> **Data supplied**
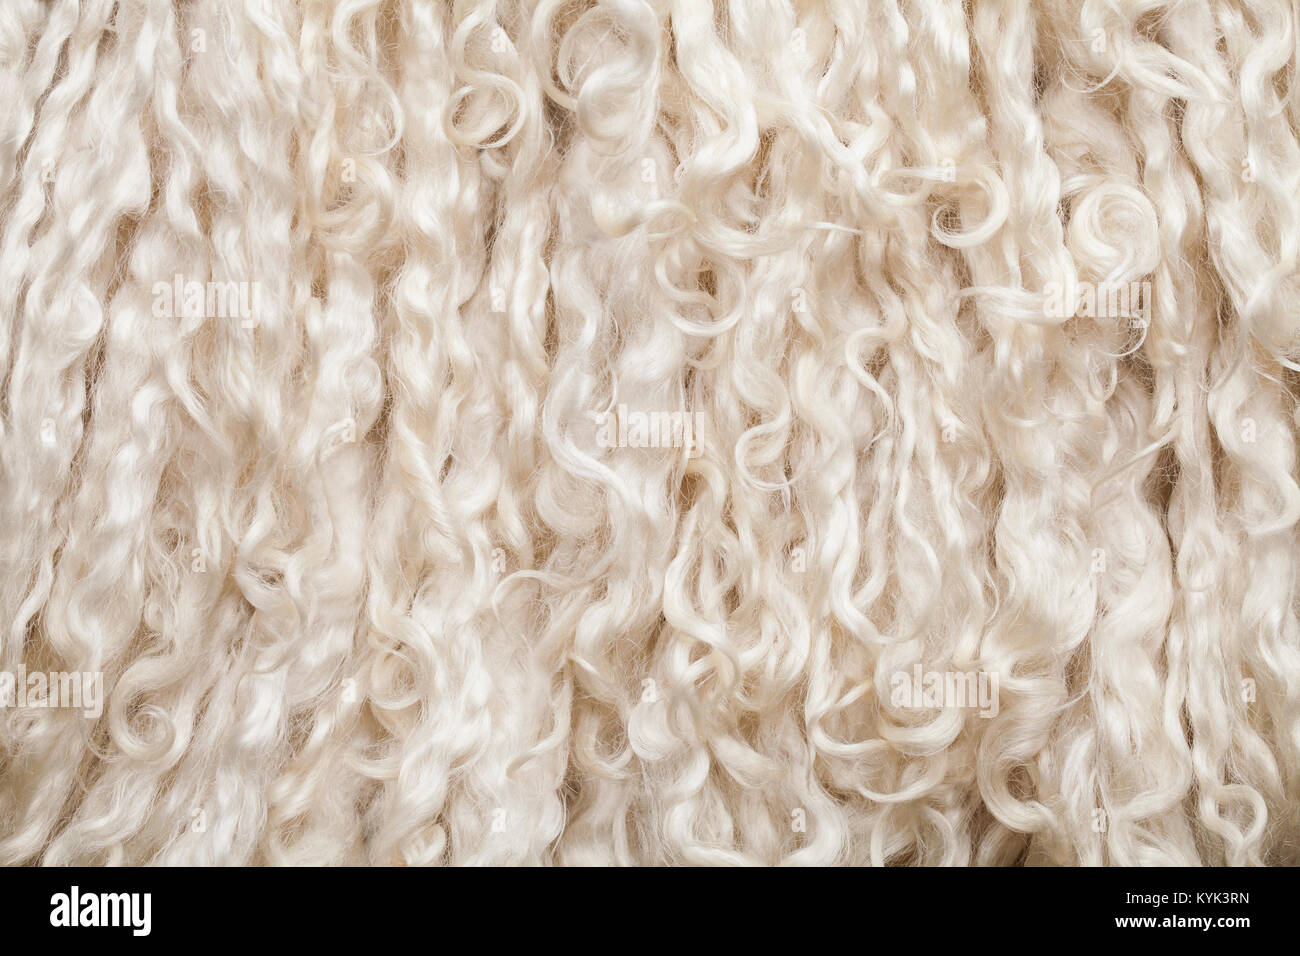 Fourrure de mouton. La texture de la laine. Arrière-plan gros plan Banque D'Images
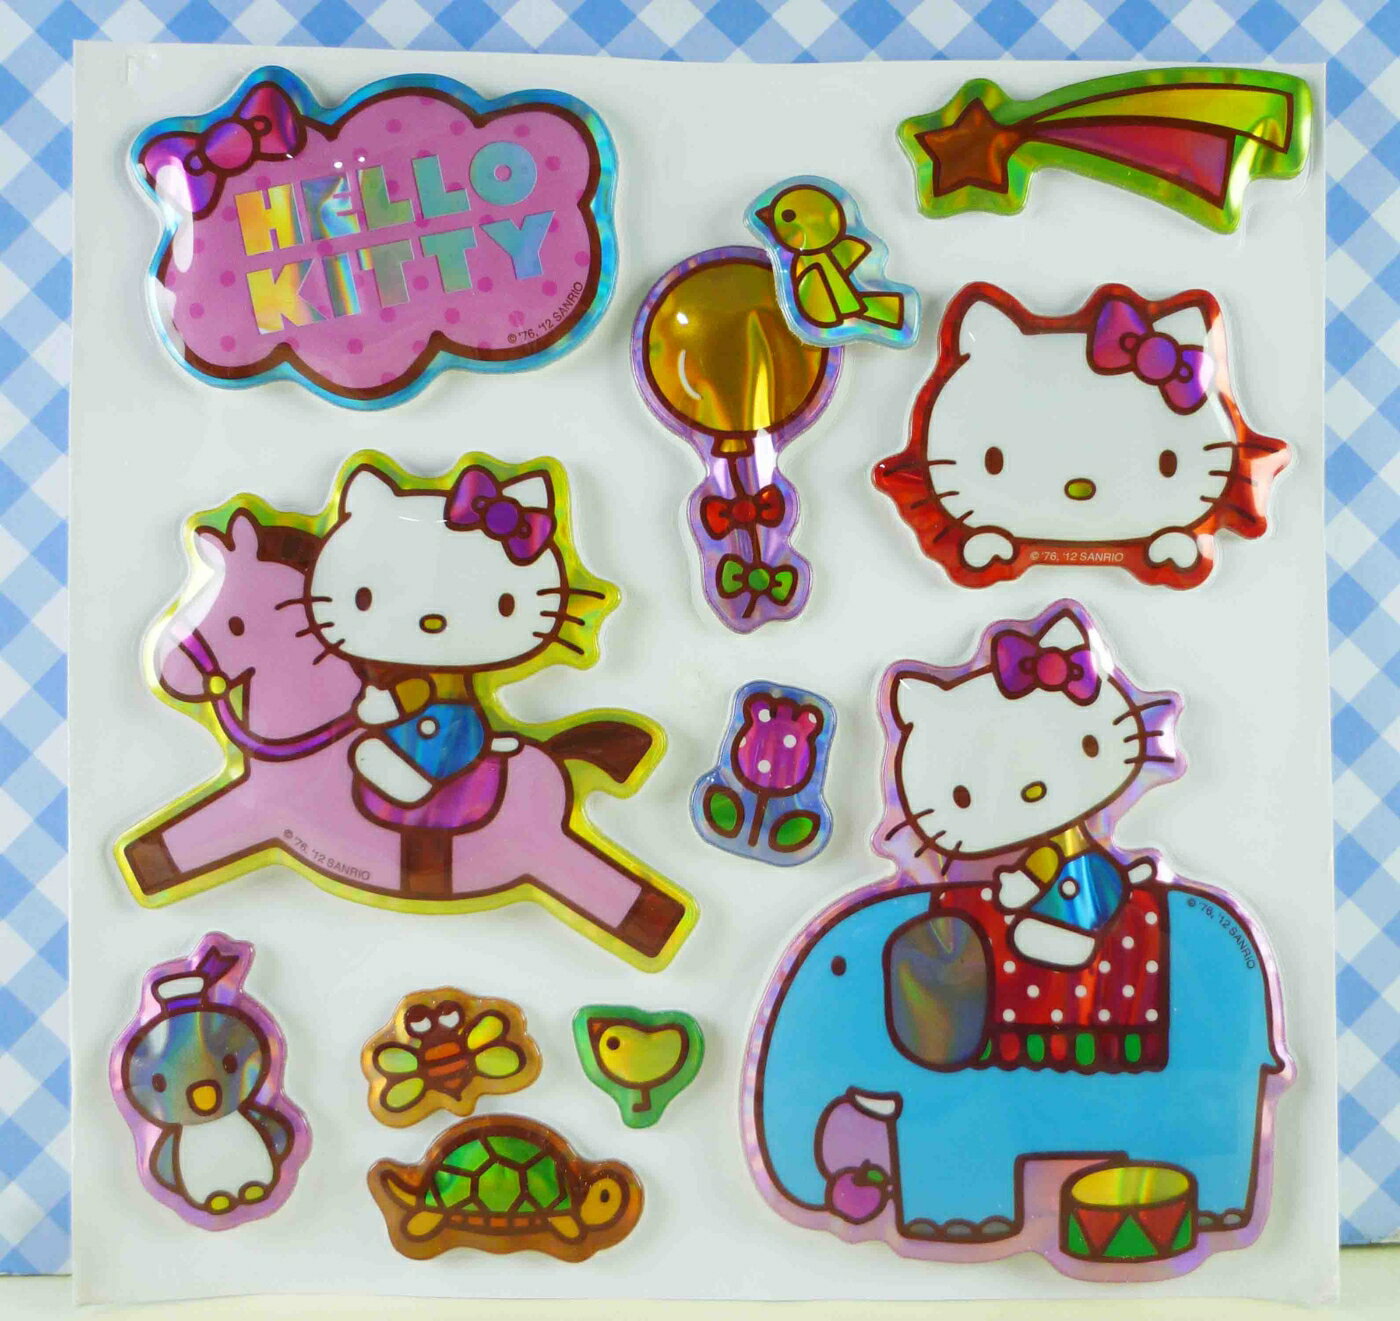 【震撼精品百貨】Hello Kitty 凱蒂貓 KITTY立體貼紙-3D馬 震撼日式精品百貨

--

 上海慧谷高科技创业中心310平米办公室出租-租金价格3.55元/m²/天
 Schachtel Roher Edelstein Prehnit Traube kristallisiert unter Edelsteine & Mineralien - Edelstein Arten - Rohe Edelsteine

---

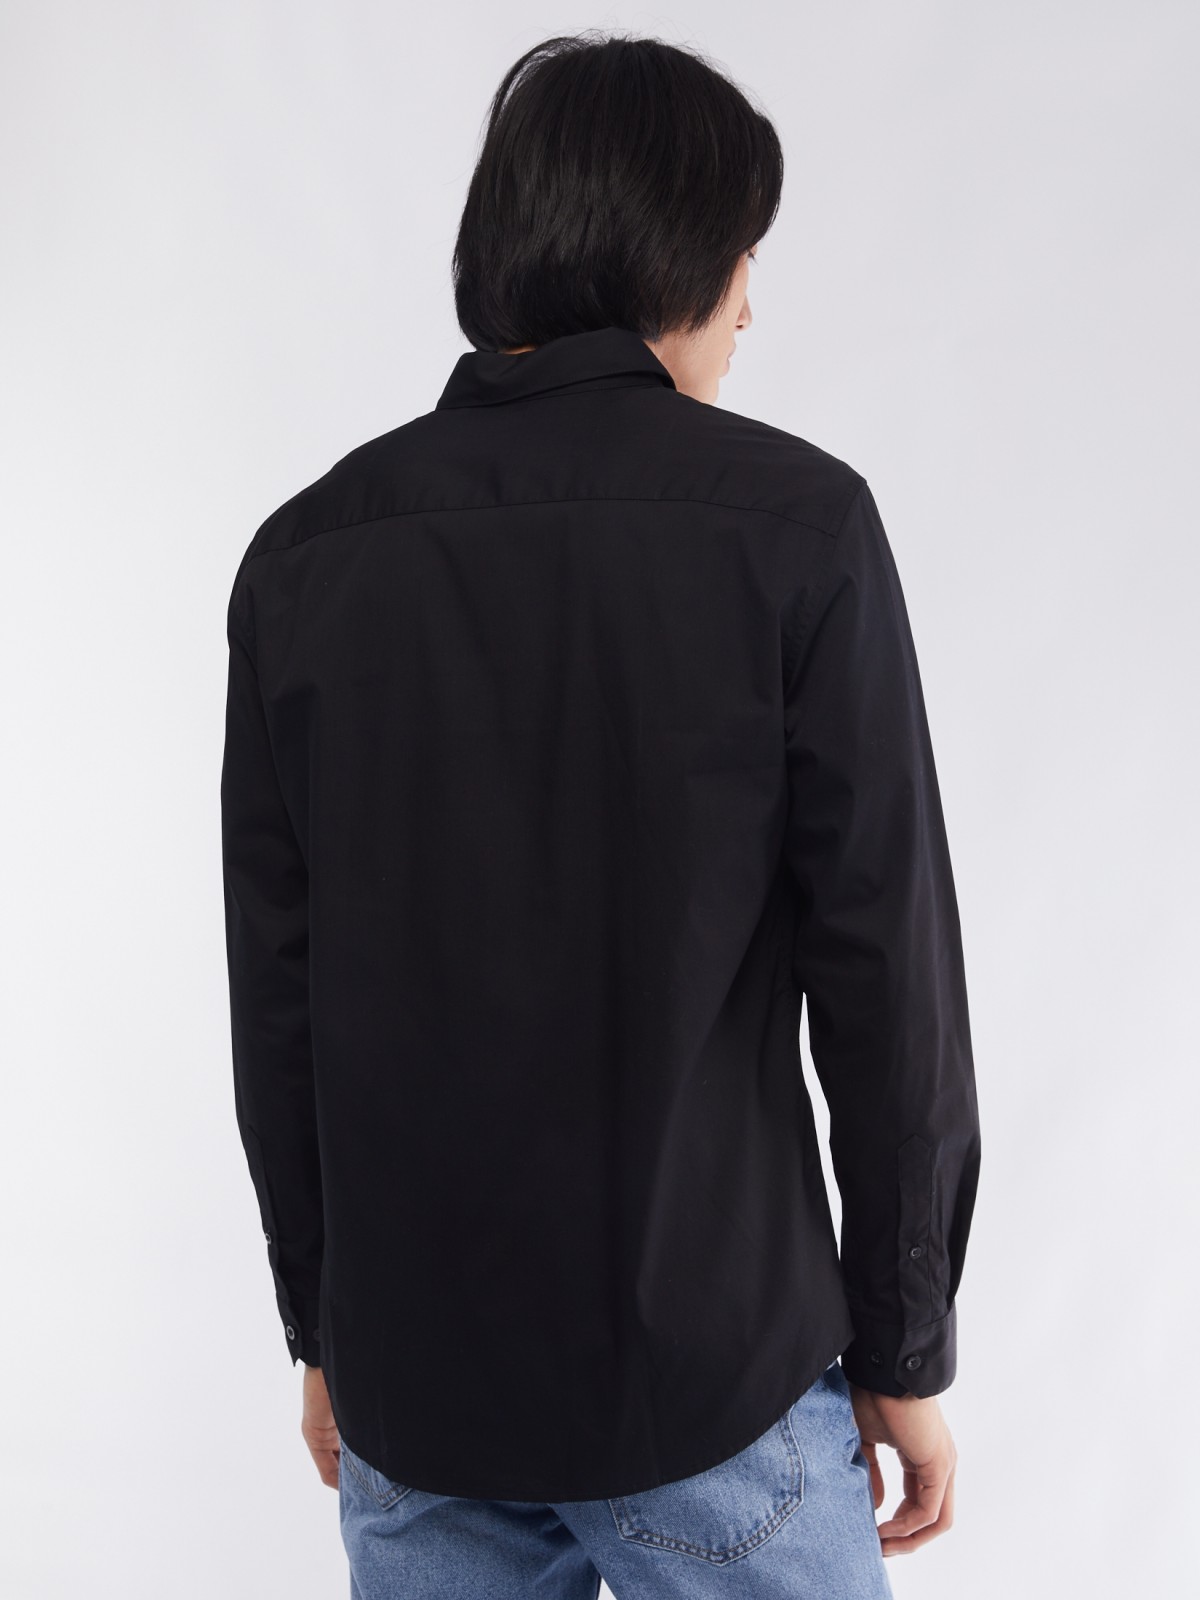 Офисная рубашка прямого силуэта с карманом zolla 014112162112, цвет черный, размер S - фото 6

> **What this task involves**
Look above for the line that contains "上海慧谷高科技创业中心310平米办公室出租-租金价格3.55元/m²/天". Starting there, transcribe every line exactly until you have copied the line that contains "Schachtel Roher Edelstein".

> **Response**
 上海慧谷高科技创业中心310平米办公室出租-租金价格3.55元/m²/天
 Schachtel Roher Edelstein Prehnit Traube kristallisiert unter Edelsteine & Mineralien - Edelstein Arten - Rohe Edelsteine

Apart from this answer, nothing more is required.